I received 2 new Mini-Zs from Team Take Em towards the end of last week. I looked at Zingers and GU and ended up going with the Zinger Minis because of the size. I have a Silverado crew cab short bed (5 1/2') truck and space is at a premium with the toolbox and dogbox in it at the same time. They will fit sideways, between the wheelwells, or go alongside the dog box, either way. They will also fit in the back of my Ranger either way with the tailgate down. 

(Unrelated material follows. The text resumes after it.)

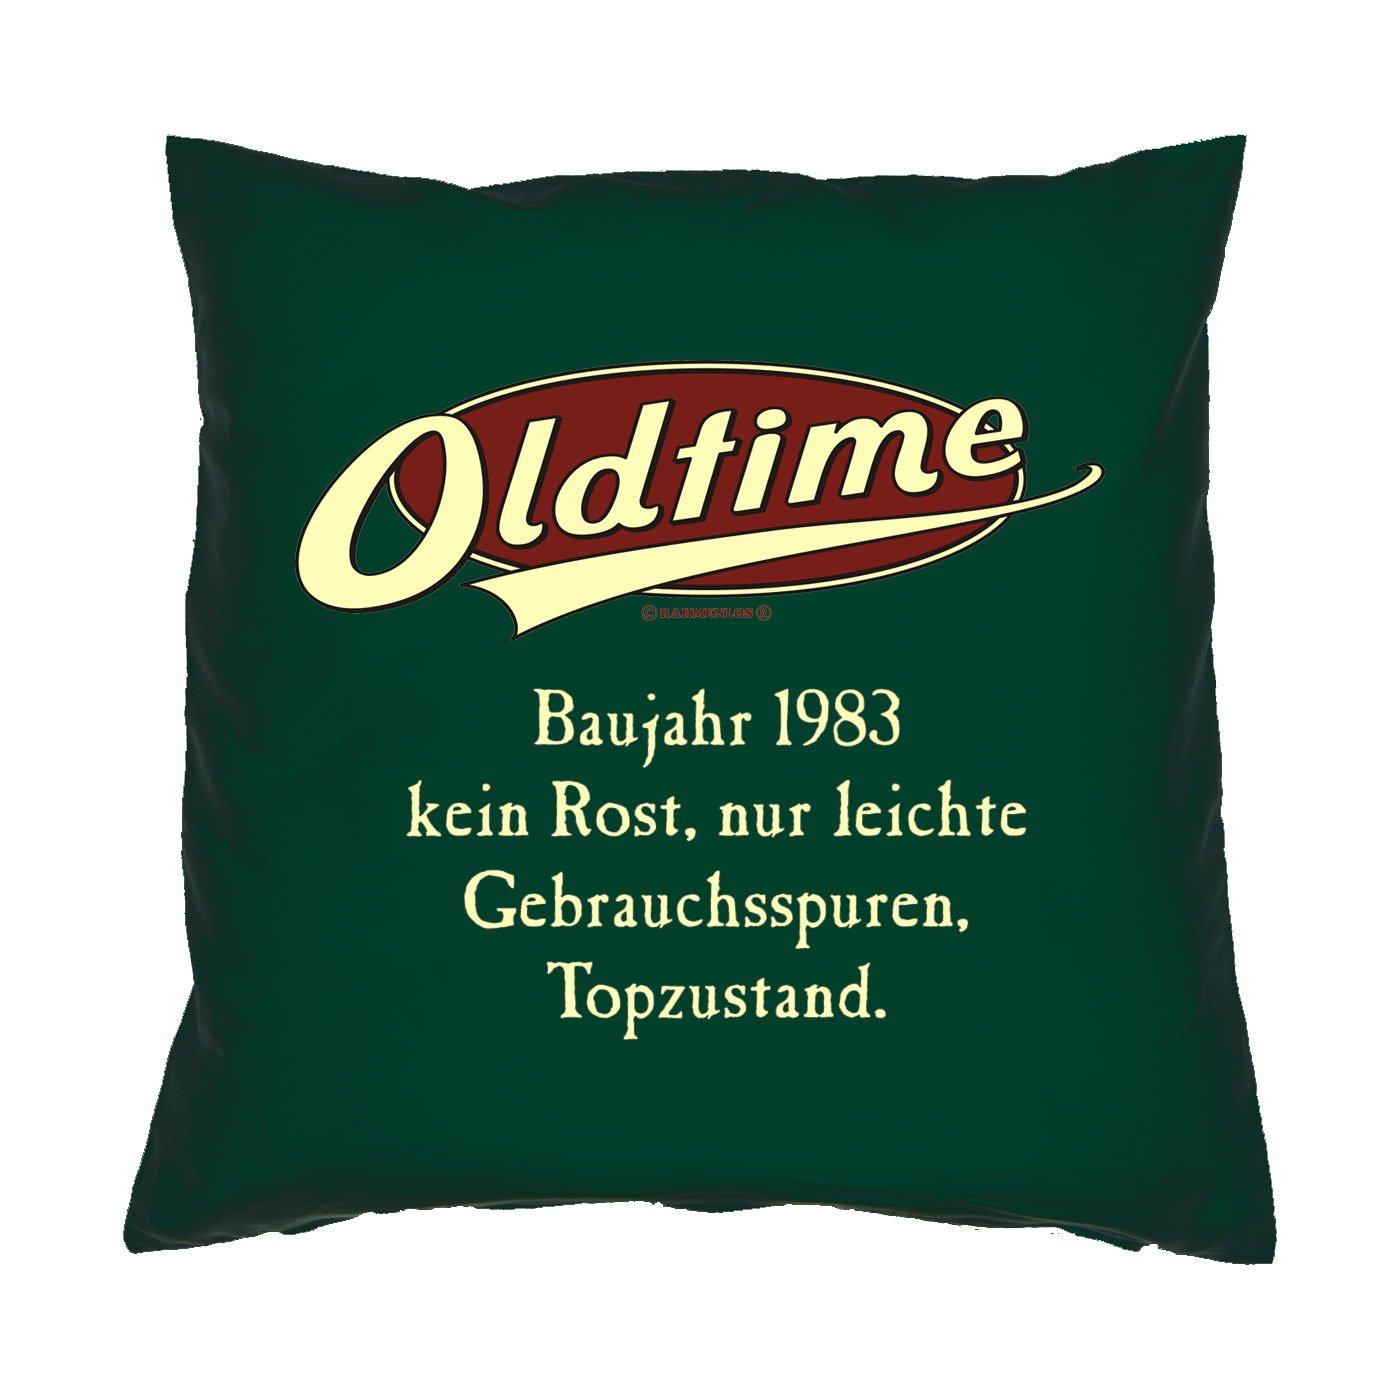 Kissen mit Innenkissen - OLDTIMER BAUJAHR 1983 - kein Rost, nur leichte Gebrauchsspuren, Topzustand. - zum 30. Geburtstag Geschenk - 40 x 40 cm - in dunkel-grün

I was apprehensive about the throwing distance of these "downsized" wingers but after talking to Joe, I decided to take a chance. Im glad I did. I havent lined them up beside anything else but Ive loaded a lot of GU originals and I can tell you without exaggerating that I could not tell a difference in the distance or arch of the throw. These things will flat out throw a bird and seem to be heavier made as well.

Thanks to Joe, he's a class act and was a breeze to deal with.


----------



## Cowtown (Oct 3, 2009)

I too recently purchased 2 mini z's and am VERY happy with them!


----------



## Steve Hester (Apr 14, 2005)

I have never owned any kind of wingers but Gunners Up and never will. Their product is superior to Zingers, their prices are less, and their service is first rate.


----------



## Trevor Toberny (Sep 11, 2004)

Why is there product superior to zingers? Don't own either so curious


----------



## Joe Dutro (Nov 20, 2007)

Thank you Chris. Glad you like the Mini Z's.

*Steve Hester-* *Why do you feel the GU's are superior?* I know their service is great and they build a good product. I am a dealer for both GU and Zinger- I have both sitting right here. If we were comparing the Zinger II vs the Original I'd say they are the same in performance. But from what I've seen the MinI Z will outperform the Zinger II. 

As for price- They are basically the same now. 

Now that being said- Every winger out there has a place in the market today- size, throw, cost, manufacturer all take in to account of why a person buys a given product. To say one is superior over another I don't agree with- Advantages and Disadvantages of all.


----------



## Steve Hester (Apr 14, 2005)

They are superior due to the safety and the non-steel pulleys. And you can make any of them shoot the same distance by using different rubbers such as theraband, and shortening the length of the rubbers.


----------